500 Days of Summer Not Enough

     One week ago today, the movie 500 Days of Summer was released on DVD.  It stars Joseph Gordon-Levitt (3rd Rock From the Sun) as Tom, a young man who believes in fate and love and all of those other gushy things.  Tom meets a girl named Summer (Zooey Deschanel, Elf, The Hitchhiker's Guide to the Galaxy) at work and decides that everything he has hoped for is coming true.  The movie chronicles the first five hundred days of Tom's life after he meets Summer, but not in a linear order.  One of the first things the narrator of the movie reveals, though, is that this is not a love story, and though I was skeptical when I heard those words, it is very true.

     It was a very artistic and well made movie.  The skips were not jarring.  They made sense to get the overall feel of the relationship and Tom's life.  The story was told in the order it would make the most sense.  The relationship that developed between Tom and Summer was realistic.  Tom was wracked with indecision and doubt before he got with her.  Then, Summer said she wasn't looking for a relationship,  but she, like many other women in the world, meant she wasn't looking for a relationship with him.  It is a familiar plot, but rarely seen on the movie screen in this manner.  I refuse to spoil the ending, but Summer and Tom as a couple are over long before that 500th day.

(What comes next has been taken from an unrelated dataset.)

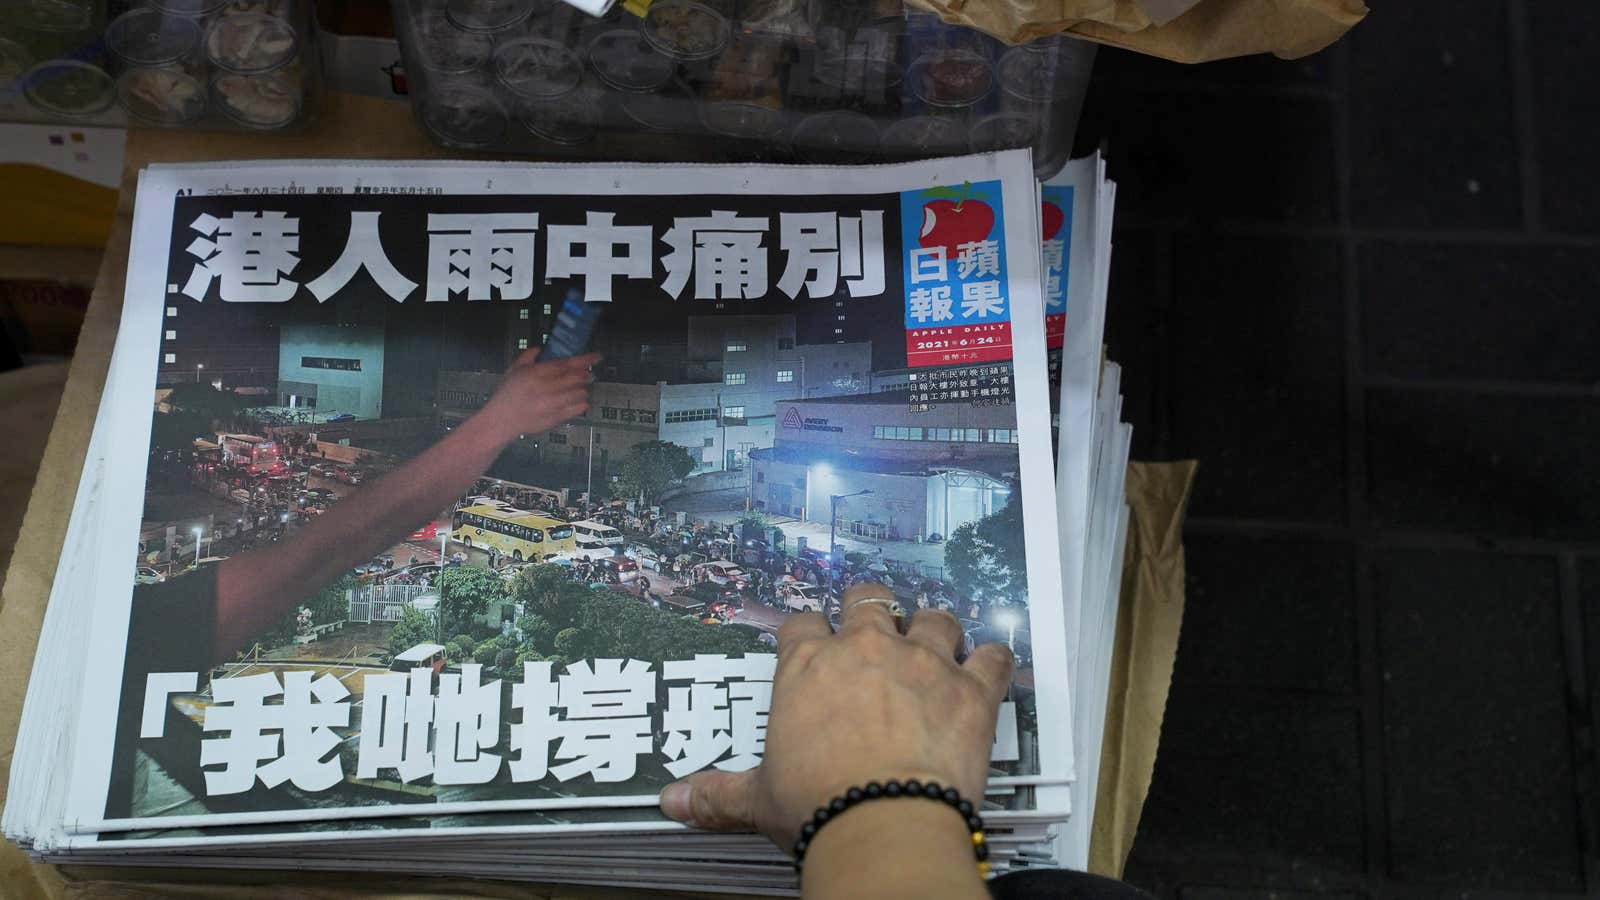 The last headline: “Hong Kongers bid a painful farewell in the rain: ‘We support Apple Daily’”

     The tone of the movie was very storybook for a large part, sort of like the television show Pushing Daisies, though not to that extreme.  The music fit perfectly, and Gordon-Levitt and Deschanel both did outstanding jobs.  Between the casting, tone, direction, and everything else, I have only praise for this film.  I only wish it were a little longer than its ninety minute run time so I could see what happened after the 500th day, but then that would spoil the part of the story that was important.  This movie set out to tell a very specific set of events in Tom's life to get him from one place to another, and it did that, without falling into stereotypes or destroying notions of love and destiny.  A charming and heartbreaking tale told beautifully.